### What you have to do:
Repeat the line that contains "Dimensioni tappeto VioMat" exactly, along with each following line up to and including the last line of the entries.

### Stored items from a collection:
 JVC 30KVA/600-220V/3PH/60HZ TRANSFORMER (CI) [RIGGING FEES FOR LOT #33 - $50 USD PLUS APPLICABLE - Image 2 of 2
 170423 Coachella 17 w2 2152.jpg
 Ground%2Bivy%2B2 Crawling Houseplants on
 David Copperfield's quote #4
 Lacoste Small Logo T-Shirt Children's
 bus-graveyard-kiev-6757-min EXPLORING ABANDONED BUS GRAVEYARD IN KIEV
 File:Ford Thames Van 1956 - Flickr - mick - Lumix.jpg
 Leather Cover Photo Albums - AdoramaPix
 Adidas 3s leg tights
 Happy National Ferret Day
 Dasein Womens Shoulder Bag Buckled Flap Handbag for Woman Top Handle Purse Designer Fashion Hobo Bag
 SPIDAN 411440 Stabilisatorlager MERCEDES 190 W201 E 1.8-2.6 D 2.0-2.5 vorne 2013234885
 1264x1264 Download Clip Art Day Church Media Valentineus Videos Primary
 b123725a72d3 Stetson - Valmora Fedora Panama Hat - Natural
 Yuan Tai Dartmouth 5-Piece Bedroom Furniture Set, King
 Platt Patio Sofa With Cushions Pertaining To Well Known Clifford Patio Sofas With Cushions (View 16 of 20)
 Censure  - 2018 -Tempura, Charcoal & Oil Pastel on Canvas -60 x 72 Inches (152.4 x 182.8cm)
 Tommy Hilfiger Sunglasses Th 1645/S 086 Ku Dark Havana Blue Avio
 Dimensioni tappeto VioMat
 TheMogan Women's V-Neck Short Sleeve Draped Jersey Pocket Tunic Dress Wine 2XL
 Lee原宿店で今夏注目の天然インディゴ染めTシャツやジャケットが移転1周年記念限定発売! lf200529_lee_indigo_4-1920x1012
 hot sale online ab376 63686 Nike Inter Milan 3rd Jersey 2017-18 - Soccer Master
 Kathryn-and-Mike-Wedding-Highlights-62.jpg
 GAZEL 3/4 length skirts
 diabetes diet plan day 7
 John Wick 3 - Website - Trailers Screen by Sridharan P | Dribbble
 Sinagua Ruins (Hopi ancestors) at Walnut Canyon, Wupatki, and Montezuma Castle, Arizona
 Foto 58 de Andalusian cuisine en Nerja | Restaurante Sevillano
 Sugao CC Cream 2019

### Your response:
 Dimensioni tappeto VioMat
 TheMogan Women's V-Neck Short Sleeve Draped Jersey Pocket Tunic Dress Wine 2XL
 Lee原宿店で今夏注目の天然インディゴ染めTシャツやジャケットが移転1周年記念限定発売! lf200529_lee_indigo_4-1920x1012
 hot sale online ab376 63686 Nike Inter Milan 3rd Jersey 2017-18 - Soccer Master
 Kathryn-and-Mike-Wedding-Highlights-62.jpg
 GAZEL 3/4 length skirts
 diabetes diet plan day 7
 John Wick 3 - Website - Trailers Screen by Sridharan P | Dribbble
 Sinagua Ruins (Hopi ancestors) at Walnut Canyon, Wupatki, and Montezuma Castle, Arizona
 Foto 58 de Andalusian cuisine en Nerja | Restaurante Sevillano
 Sugao CC Cream 2019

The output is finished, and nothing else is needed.